Re: [PATCH v3 08/26] x86/virt/seamldr: Retrieve P-SEAMLDR information
From: Dave Hansen
Date: Fri Jan 30 2026 - 11:35:28 EST
On 1/29/26 20:01, Xu Yilun wrote:
>> I'd also prefer a
>>
>> BUILD_BUG_ON(sizeof(struct seamldr_info) != 2048);
> ^
> BUILD_BUG_ON(sizeof(struct seamldr_info) != 256); is it?
Whatever the documentation says. I might have been looking at the
seamldr_seaminfo.
>> just as a sanity check.
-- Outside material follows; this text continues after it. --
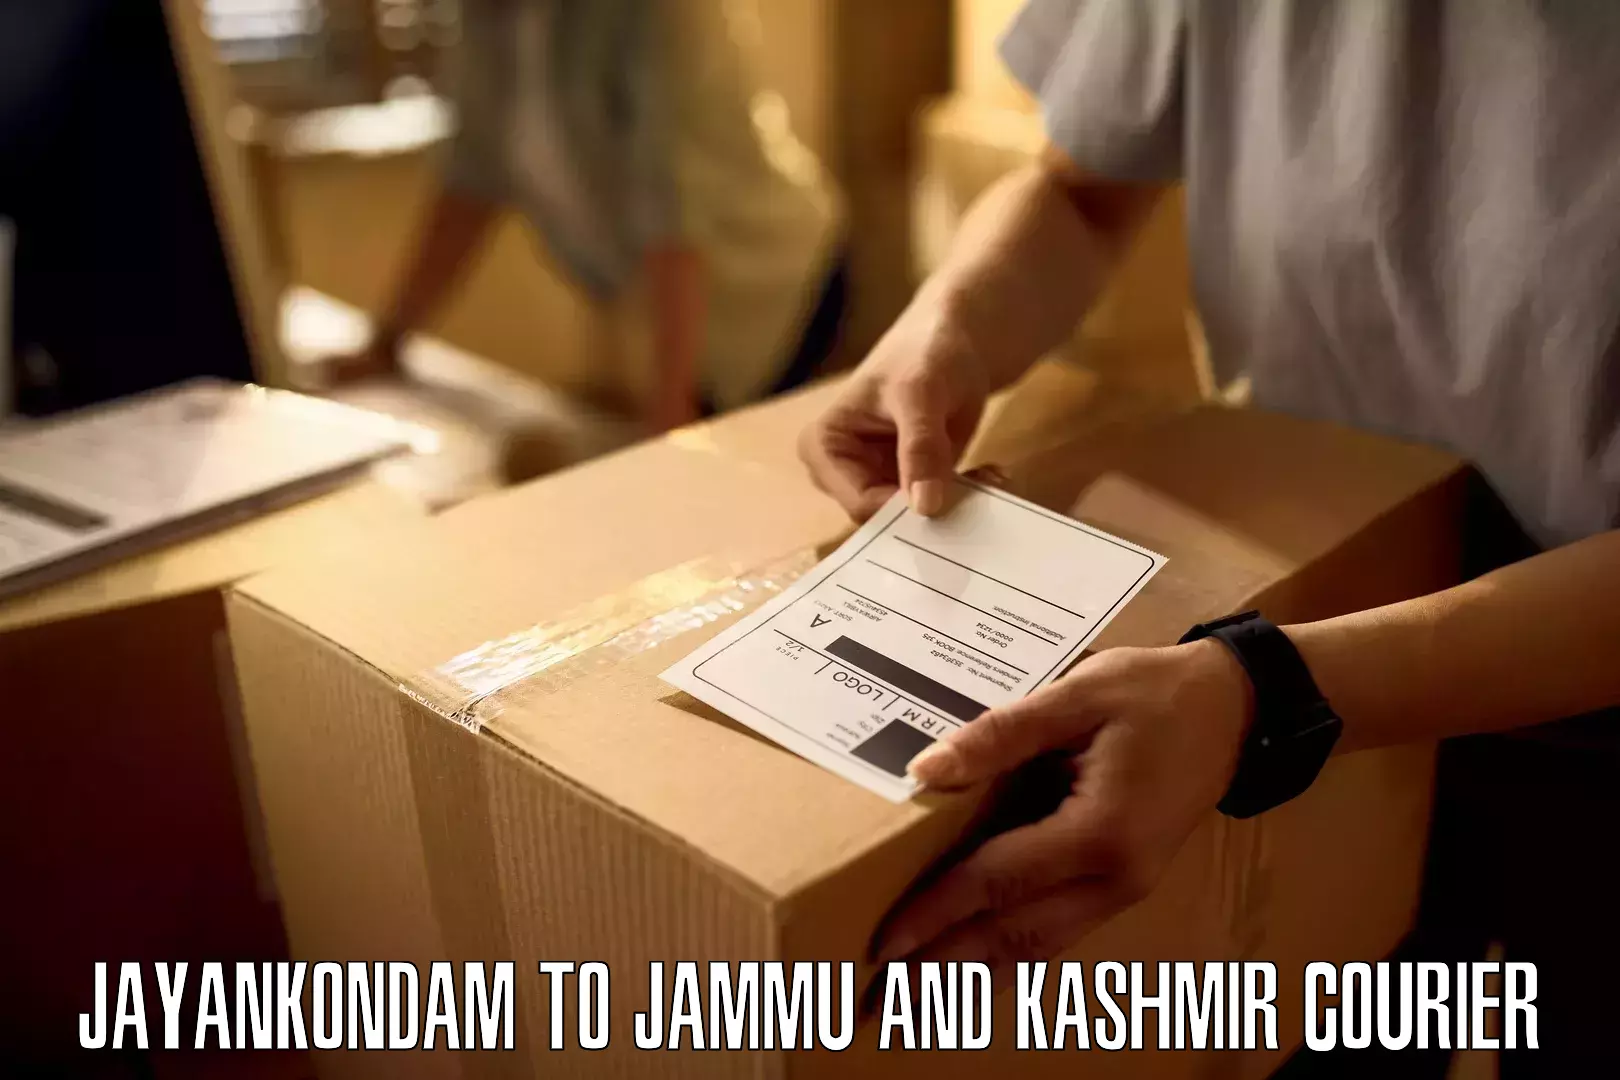 Bulk shipment Jayankondam to University of Jammu

It doesn't cost anything and it makes sure that
>> as you muck around with reserved fields and padding that there's at
>> least one check making sure it's OK.
>
> And I recently received a comments that "never __packed for naturally
> aligned structures cause it leads to bad generated code and hurts
> performance", but I really want to highlight nearby it is for a
> formatted binary blob, so:
>
> struct seamldr_info {
> u32 version;
> u32 attributes;
> u32 vendor_id;
> u32 build_date;
> u16 build_num;
> u16 minor_version;
> u16 major_version;
> u16 update_version;
> u8 reserved0[4];
> u32 num_remaining_updates;
> u8 reserved1[224];
> }; //delete __packed here
>
> static_assert(sizeof(struct seamldr_info) == 256);
>
> Is it better?
I'm pretty sure __packed is used all over the place.
I'd be shocked if access to a __packed structure generated different
code than a non-packed one for the same layout. But it wouldn't be the
first time I was shocked by a compiler.
I think you might be confusing the fact that access to unaligned data
can really stink on some architectures. The code generation for *that*
can be garbage. But not on x86 really and not for data that's already
naturally aligned.
Plus, *this* data structure is far, far from being performance sensitive
anyway. So it doubly or triply doesn't matter here.
If nothing else, __packed is a good indicator that WYSIWYG for structure
layout because it's an ABI. I honestly don't see a lot of downsides.